_Assigned task_
Reproduce the material below only from the line with "Wedding Dress Rental Nyc" to the line with "Celebrating Luxurious Lace", both included, keeping each line exact and dropping the pictures.

_Extracted records_
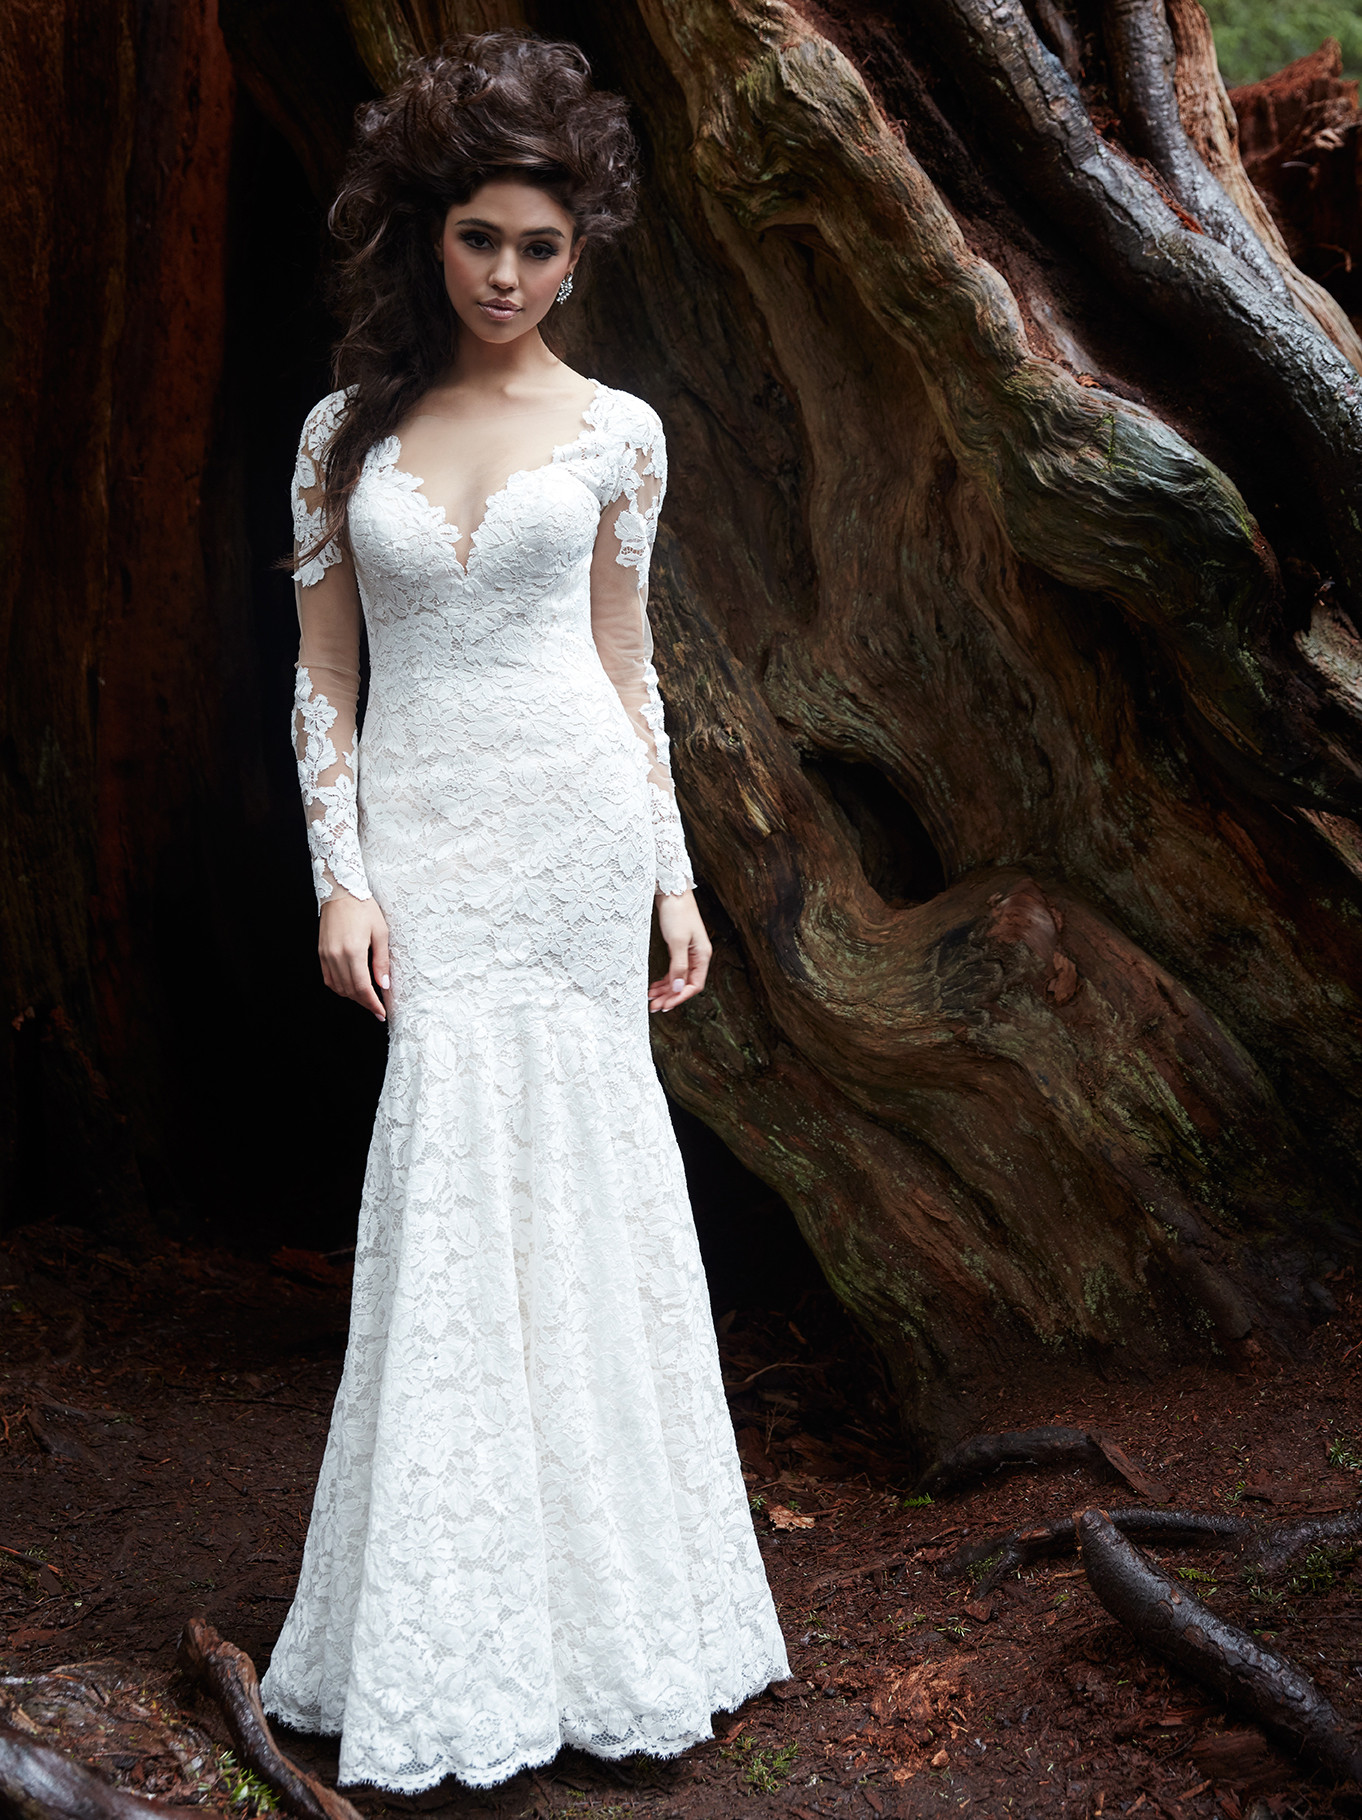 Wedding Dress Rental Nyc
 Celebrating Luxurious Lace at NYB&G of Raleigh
==
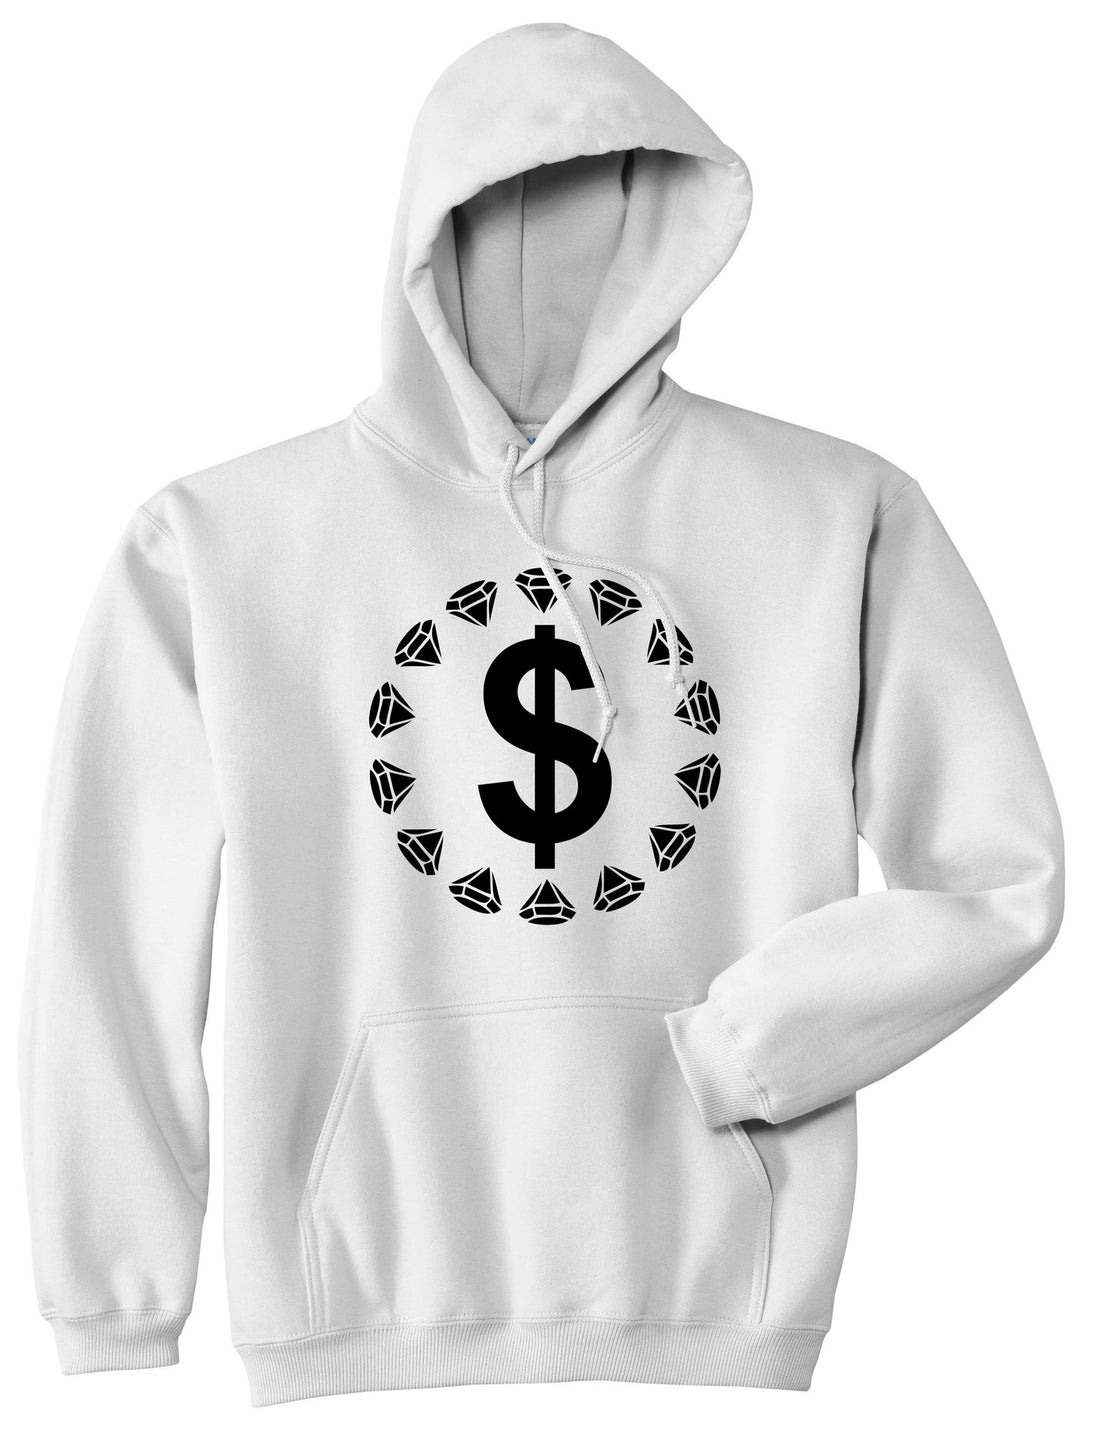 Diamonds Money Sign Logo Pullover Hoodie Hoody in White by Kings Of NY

_Task output_
 Wedding Dress Rental Nyc
 Celebrating Luxurious Lace at NYB&G of Raleigh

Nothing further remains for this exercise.